Let $\mathbb{C} \mathbb{P}^2$ be the two dimensional complex
projective space and
$$M:= \mathbb{C} \mathbb{P}^2 \times \mathbb{C} \mathbb{P}^2.$$
Let $ \gamma \rightarrow \mathbb{C} \mathbb{P}^2 $ be
the tautological line bundle over $\mathbb{C} \mathbb{P}^2$. Denote
$\Delta_{M}$ to be the diagonal of $M$, i.e.,
$$ \Delta_{M} := \{ (p_1,p_2) \in \mathbb{C} \mathbb{P}^2 \times \mathbb{C} \mathbb{P}^2: p_1 = p_2 \}. $$
My question is the following: is there some obvious rank two vector bundle $V \rightarrow M$ over $M$ and a section $s: M \rightarrow V$ of this vector bundle such that $$ s^{-1}(0) = \Delta_{M} $$ ? Moreover $V$ restricted to $\Delta_M$ should be the normal bundle of $\Delta_M$ inside $M$.
It seems to me $V$ should be something obvious that is made up using $\pi_1^{*} \gamma$ and $\pi_2^*\gamma $ (and their duals). The section $s$ should essentially be $$ s(p_1, p_2) = p_1 - p_2 $$ Of course $p_1-p_2$ for the time being makes no sense.
Note: $\pi_1, \pi_2: M \rightarrow \mathbb{C} \mathbb{P}^2$ are the two projection maps.
Let me denote $X=\mathbb{P}^2$, $\mathcal{I}$ ideal of the diagonal, we have a short exact sequence $$ 0 \to \mathcal{I} \to \mathcal{O}_{X \times X} \to \mathcal{O}_\Delta \to 0. $$ Let $\mathcal{L}=\pi_1^*(\mathcal{O}(-1)) \otimes \pi_2^*(\mathcal{O}(1) \otimes \omega_X)$ be a line budle. This line bundle has two properties that we need for construction.
Restriction of $\mathcal{L}$ to the diagonal is isomorphic to $\omega_X$, that could be checked directly.
$H^i(X\times X, \mathcal{L}) \cong 0$ for any $i$, by Serre duality and Kunneth formula.
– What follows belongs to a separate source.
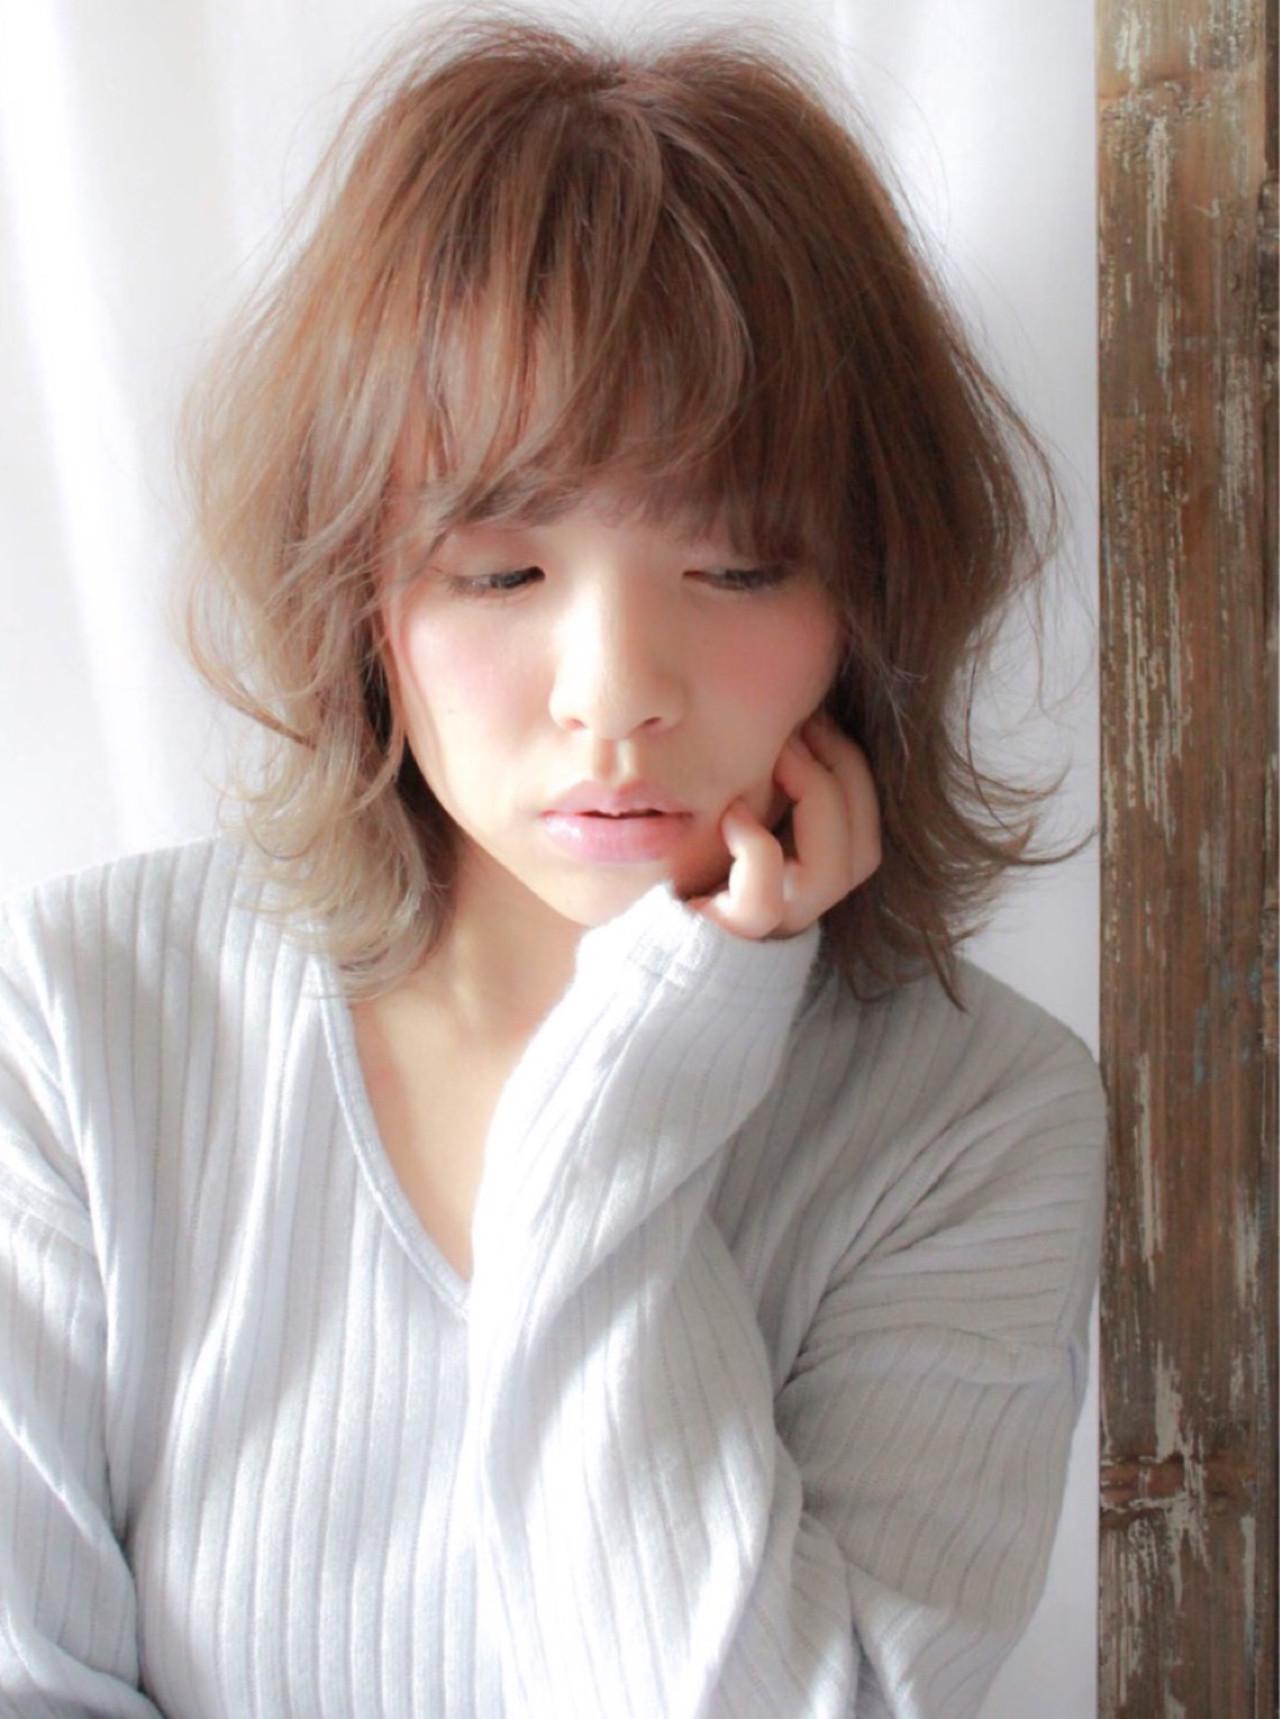 ふわクシュ♪ナチュラルなエアリーミディアム hiroki | hair latelier emma

Let apply finctor $Hom(\bullet, \mathcal{L})$ to the short exact sequence, this gives long exact sequence $$ \ldots \to H^{n-1}(X \times X, \mathcal{L}) \to Ext^{n-1}(\mathcal{I}, \mathcal{L}) \to Ext^n(\mathcal{O}_\Delta, \mathcal{L}) \to H^{n-1}(X \times X, \mathcal{L}) \to \ldots $$ thus we get an isomorphism $Ext^{1}(\mathcal{I}, \mathcal{L}) \cong Ext^2(\mathcal{O}_\Delta, \mathcal{L})$, and $Ext^2(\mathcal{O}_\Delta, \mathcal{L}) \cong H^2(X, \omega_X) \cong \mathbb{C}$, so lets take an extension that corresponds to the generator. Then by Serre construction we get $$ 0\to \mathcal{L} \to V^* \to \mathcal{I} \to 0. $$ where $V^*$ is locally free and its dual is the bundle you are looking for, moreover last exact sequence is exactly Koszul resolution.